Niger : la déclaration belliqueuse du général Amadou Ibro, symptôme d’un régime en dérive


Le 12 février 2026, lors d’une déclaration publique qui a immédiatement électrisé l’opinion, le général Amadou Ibro, chef d’état-major particulier du président de la transition Abdourahamane Tiani, a franchi un nouveau palier verbal. Devant une assistance mobilisée, il a lancé cette phrase choc : « Sachez-le, on va entrer en guerre avec la France. On n’était pas en guerre, c’est maintenant qu’on va en guerre avec la France. » Cette affirmation incendiaire, massivement relayée sur les réseaux sociaux, s’inscrit dans une rhétorique de confrontation radicale qui domine depuis le coup d’État militaire du 26 juillet 2023. Alors que Paris a toujours démenti toute intention belliqueuse, l’épisode illustre la militarisation croissante du discours politique au Niger.


Amadou Ibro n’est pas n’importe quel officier. Originaire de Dibissou dans la région de Tahoua, ce militaire de carrière est entré dans les rangs en 1983. Formé à l’école des officiers interarmes de N’Djaména et diplômé en sociologie de l’Université Abdou Moumouni, il incarne l’aile dure du régime. Proche du général Abdourahamane Tiani, il est aujourd’hui l’un des piliers idéologiques du Conseil National pour la Sauvegarde de la Patrie (CNSP). Sa prise de parole n’est donc pas un accident, mais un acte politique calculé.


Cette menace de « guerre » contre la France n’est pas un fait isolé, elle suit une logique de victimisation devenue systématique. Il y a à peine quelques semaines, suite à l’attaque de la base aérienne 101 de Niamey fin janvier 2026, le régime avait déjà pointé du doigt des « mains invisibles ». Le général Tiani avait alors directement accusé la France, mais aussi la Côte d’Ivoire et le Bénin, d’être les instigateurs de la déstabilisation du pays. Cette propension à chercher des coupables à l’extérieur — que ce soit à Paris, Abidjan ou Cotonou — semble être devenue l’unique réponse politique du CNSP face aux failles sécuritaires persistantes.

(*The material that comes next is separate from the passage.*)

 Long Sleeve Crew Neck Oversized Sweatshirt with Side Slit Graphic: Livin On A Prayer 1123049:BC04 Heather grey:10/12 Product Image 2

Pourtant, le renversement du président Mohamed Bazoum en juillet 2023 avait été justifié par les militaires au nom de la « restauration de la sécurité ». Plus de deux ans plus tard, le bilan reste marqué par un isolement diplomatique croissant, une crise économique profonde et une dégradation sécuritaire qui touche désormais le cœur de la capitale. En se défaussant de leurs responsabilités sur des complots extérieurs, les régimes de l’Alliance des États du Sahel (AES) s’enferment dans une impasse. L’accusation contre des voisins régionaux, sans preuves tangibles, apparaît davantage comme une manœuvre de diversion visant à occulter les échecs stratégiques internes.


Pour de nombreux observateurs, les propos du général Ibro ne traduisent pas une stratégie militaire réaliste, mais s’apparentent à une véritable fuite en avant. En désignant la France comme bouc émissaire permanent, le régime tente de cristalliser le sentiment nationaliste pour détourner l’attention d’un bilan intérieur jugé médiocre. Cette posture, bien qu’applaudie par une frange de la population acquise à la cause de la transition, masque mal les difficultés du CNSP à stabiliser le pays et à offrir des perspectives concrètes aux Nigériens.


La sortie du général Amadou Ibro du 12 février 2026 marque une nouvelle étape dans l’escalade verbale entre Niamey et Paris. Mais derrière le ton martial, c’est surtout le signe d’un régime fragilisé qui s’appuie sur la surenchère extérieure pour consolider un pouvoir de plus en plus contesté. À l’heure où le Niger s’enfonce dans l’isolement, cette posture guerrière apparaît davantage comme un aveu d’impuissance que comme une véritable stratégie de défense nationale.